# waiting for me...



## Bigfoot (Jun 25, 2007)

Look what was waiting on my front door last week!!!

An Illusione sampler
68, F9, 2, 888, 88, and a cg 4

A 2005 Opus X Lancero

A God of Fire 4 pack...

robusto, 2 dbl Robusto and a churchill...

Nap time!!!


----------



## karmaz00 (Dec 5, 2007)

oooohhhhhhhh. love the gods


----------



## Stogie (Feb 13, 2007)

Wow I was reading a story about how the God Of Fire was created and I never knew the story before. Very interesting and that is a treat!

On the illusione smoke the little 68 first. It freaking rocks!


----------



## DOZER (Sep 30, 2007)

:dribble::dribble::dribble::dribble::dribble:


----------



## ER Doc (Feb 8, 2007)

Very, very nice assortment there.

Like Dozer, I'm drooling just a tad bit too much. Great package!


----------



## Webmeister (Jun 12, 2007)

Stogie said:


> Wow I was reading a story about how the God Of Fire was created and I never knew the story before. Very interesting and that is a treat!
> 
> On the illusione smoke the little 68 first. It freaking rocks!


Sweet pickup! I have yet to try a GoF, but it's on "the List". Those look great. I agree with Daniel - spark the 68 first. Those have been my go-to winter smokes along with the Tatuaje Angeles.
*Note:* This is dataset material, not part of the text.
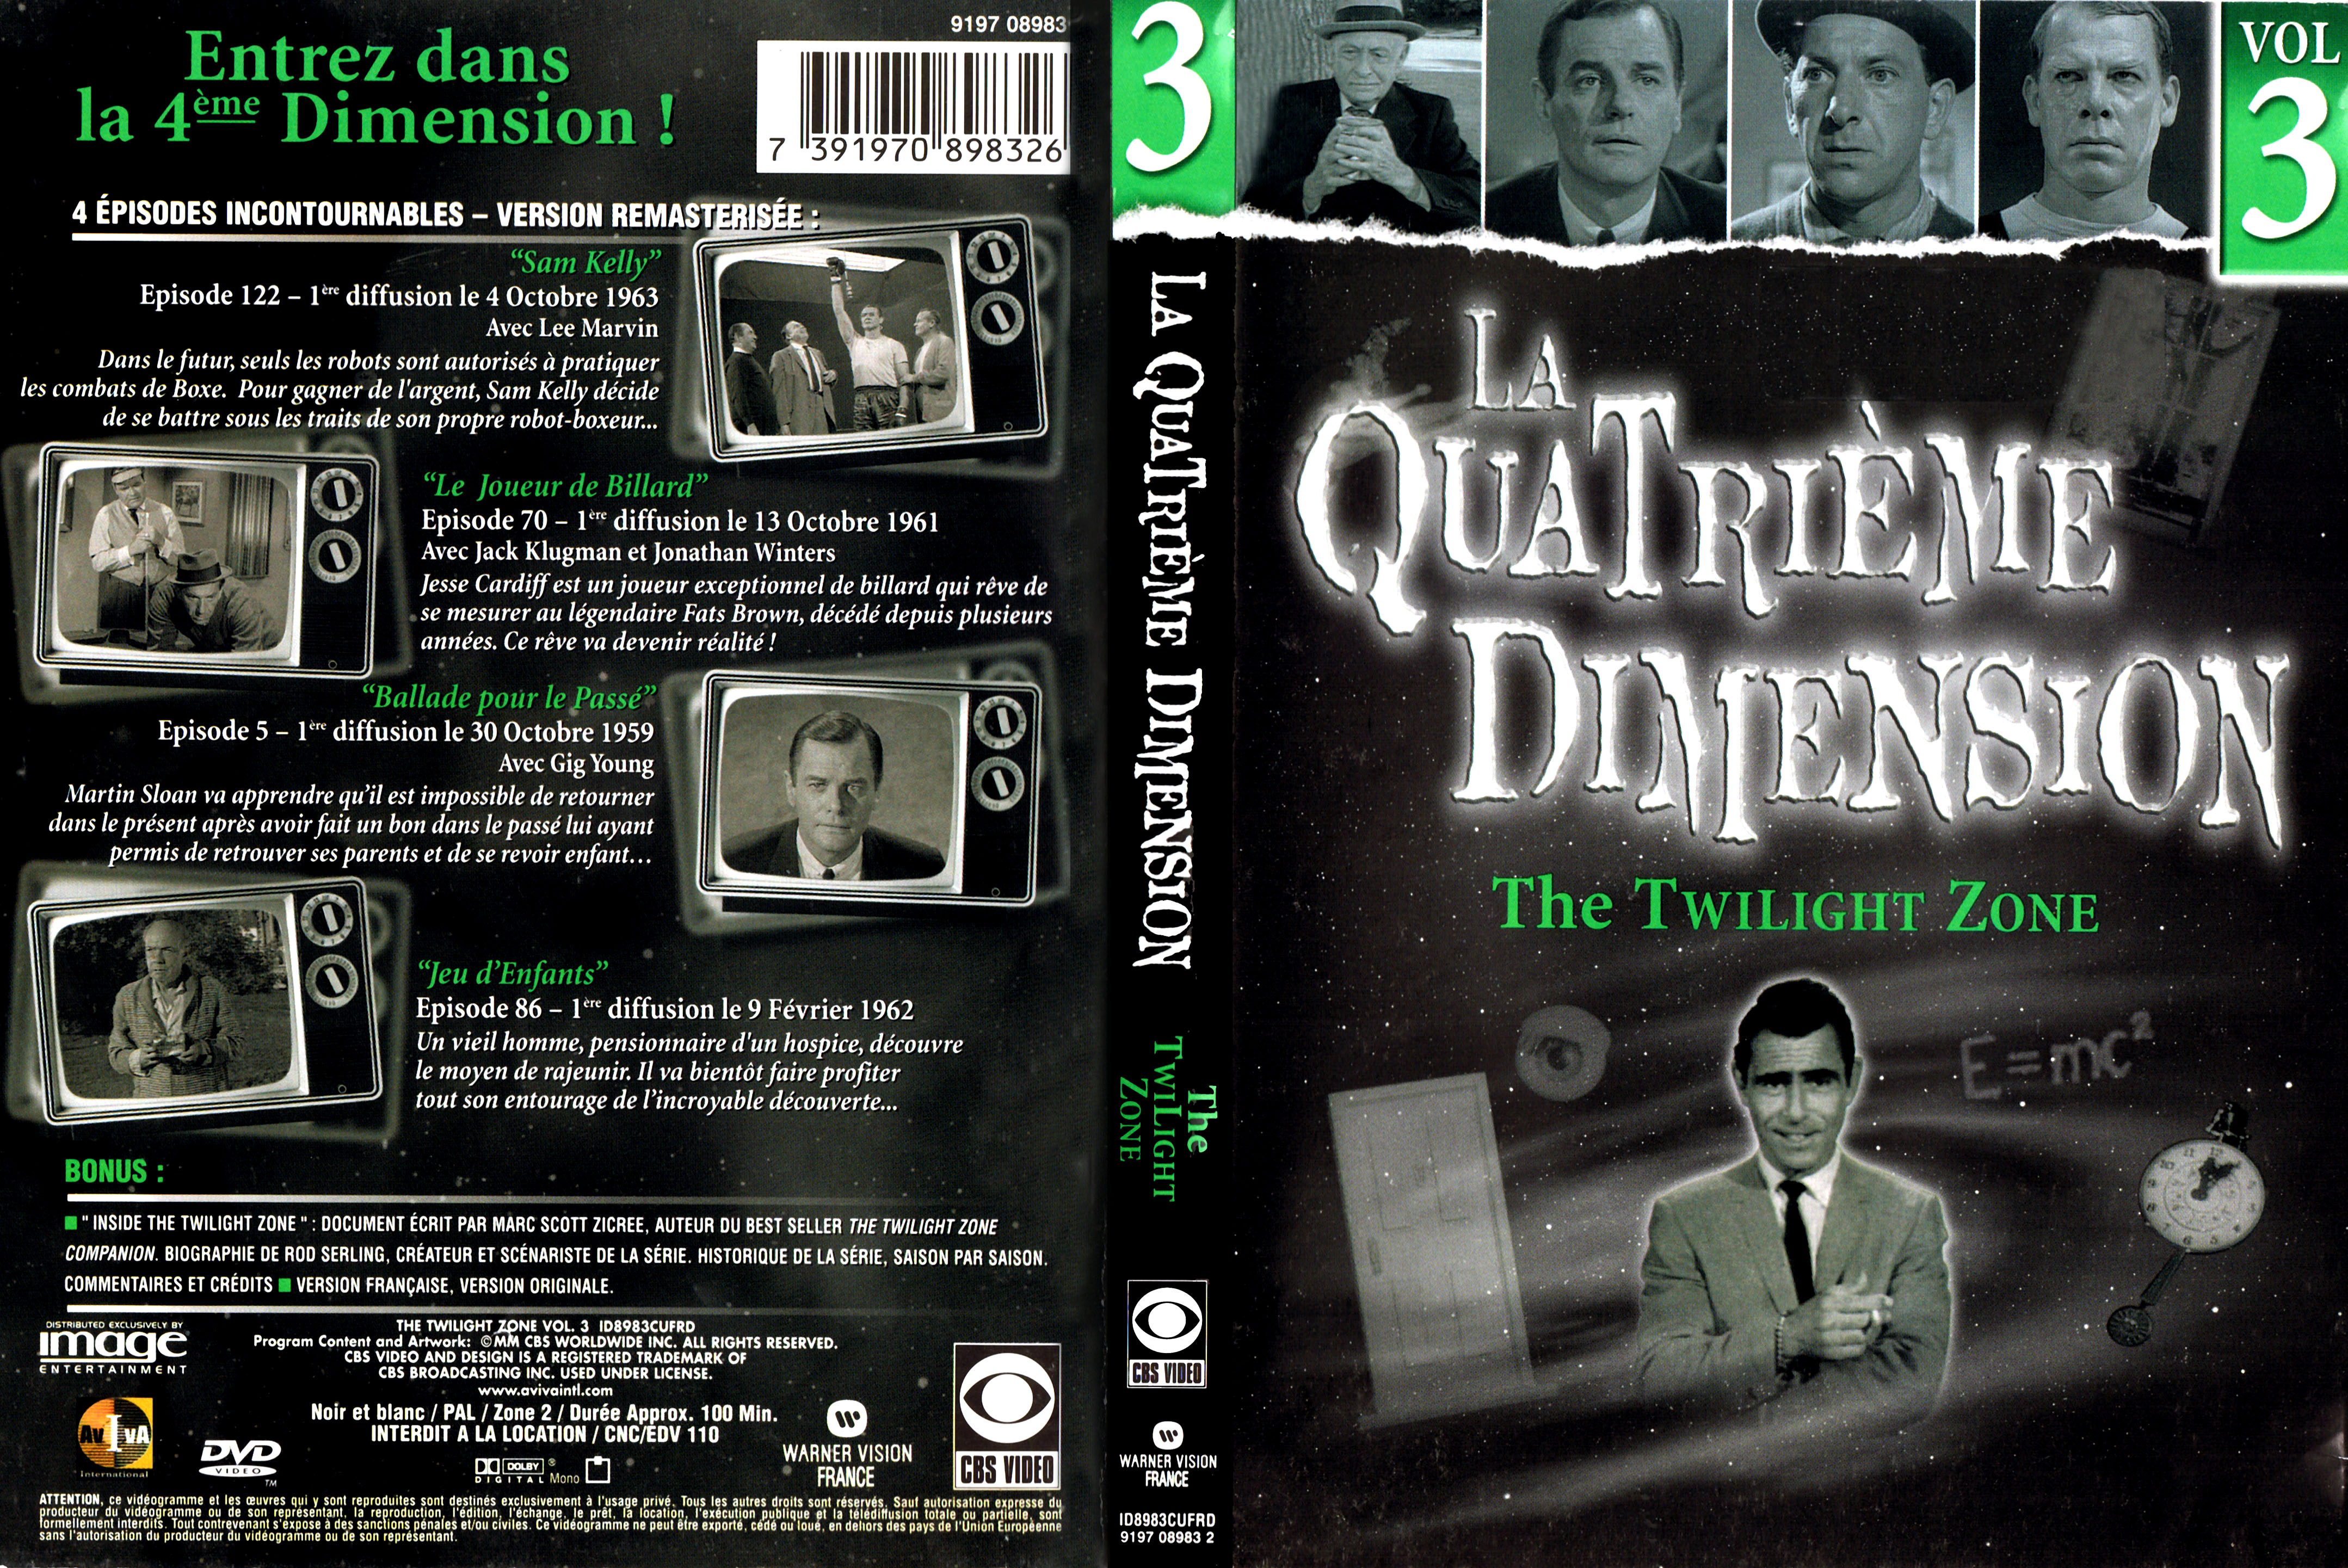 Jaquette DVD La quatrime dimension vol 03

When you're done with the 68, fire up the cg:4. Another excellent stick from Dion!


----------



## CHRIS7891011 (Apr 1, 2007)

holy heck nice pickup!


----------



## Ceedee (Jun 2, 2006)

Brian, can you give me the phone number of the little Leprechaun that keeps dropping stuff off at your doorstep? Seems like every week you come back with just a ridiculous "see what was left at my door..." post that is just killer! In any case, the dude's ph # would be greatly appreciated. M-kay, thanks!  

CD


----------



## Bigfoot (Jun 25, 2007)

Yeah, Chris....I'm going to go ahead and ask you to move you desk down to the basement...m'kay? GRRRREEEAAAAT


----------



## Ceedee (Jun 2, 2006)

Bigfoot said:


> Yeah, Chris....I'm going to go ahead and ask you to move you desk down to the basement...m'kay? GRRRREEEAAAAT


Have you seen my stapler?

CD


----------



## Bigfoot (Jun 25, 2007)

I use to sit next to a window and there was a family of squirrels and they were married......


----------



## boomerd35 (Apr 24, 2007)

Those pics of the GOF look like they have cords coming out of the box. So powerful, you gotta keep em charged up, eh? Nice!


----------



## stlcards (Sep 14, 2007)

I am definitely in the wrong business lol.


----------



## cybervee-cl (Oct 24, 2007)

Stogie said:


> Wow I was reading a story about how the God Of Fire was created and I never knew the story before. Very interesting and that is a treat!


Do you have a link to that story?


----------



## jitzy (Jan 7, 2007)

Oh my god I had my god of fire for new years and I have to say it was one of the best cigars I had in a long time, Im sure your gonna love them I let mine sleep for a couple of years let them rest a while and enjoy.


----------



## terrasco-cl (Mar 4, 2007)

Man, Brian! You are a very lucky man!


----------



## Mtmouse (Jun 11, 2007)

Nice pick up, Brian.


----------



## tekeeladude-cl (Mar 13, 2007)

Wow! That is a very nice selection.


----------



## Itsme-Speedy-G (Aug 20, 2007)

You're killing me Smalls


----------



## sofaman (Jun 20, 2007)

Thats one tasty package


----------



## tx_tuff (Jun 16, 2007)

Another great pick up Brian!


----------



## mhlatke (Oct 13, 2007)

Excellent pick-up. Seriously great sticks!


----------



## Matt257 (Jan 3, 2008)

Wow nice pick up, those God Of Fire look amazing. Hope you enjoy them


----------



## patefengreen (Sep 27, 2007)

We need to stake out your front door!  Very nice Brian.


----------



## Avs Fan (Oct 28, 2007)

Man all the stuff you have been getting lately is even making my wallet shrink:lol: thats some fine looking smokes!


----------



## FunkyCold5 (May 15, 2007)

OMG! You are pimp!


----------



## mjohnsoniii (Sep 9, 2007)

<------fainted


----------



## chubzerous (Jun 9, 2007)

That is simply beautiful!


----------



## GoinFerSmoke (Jan 1, 2007)

I am going to have to confiscate your little pile of riches...

You have gone over your allowed maximum!


----------



## Lok17 (Jul 31, 2007)

This guy gets more cigars...


----------



## Bigfoot (Jun 25, 2007)

More came today, will post soon!


----------



## happy1 (Jun 29, 2007)

You lucky bastige :lol:


----------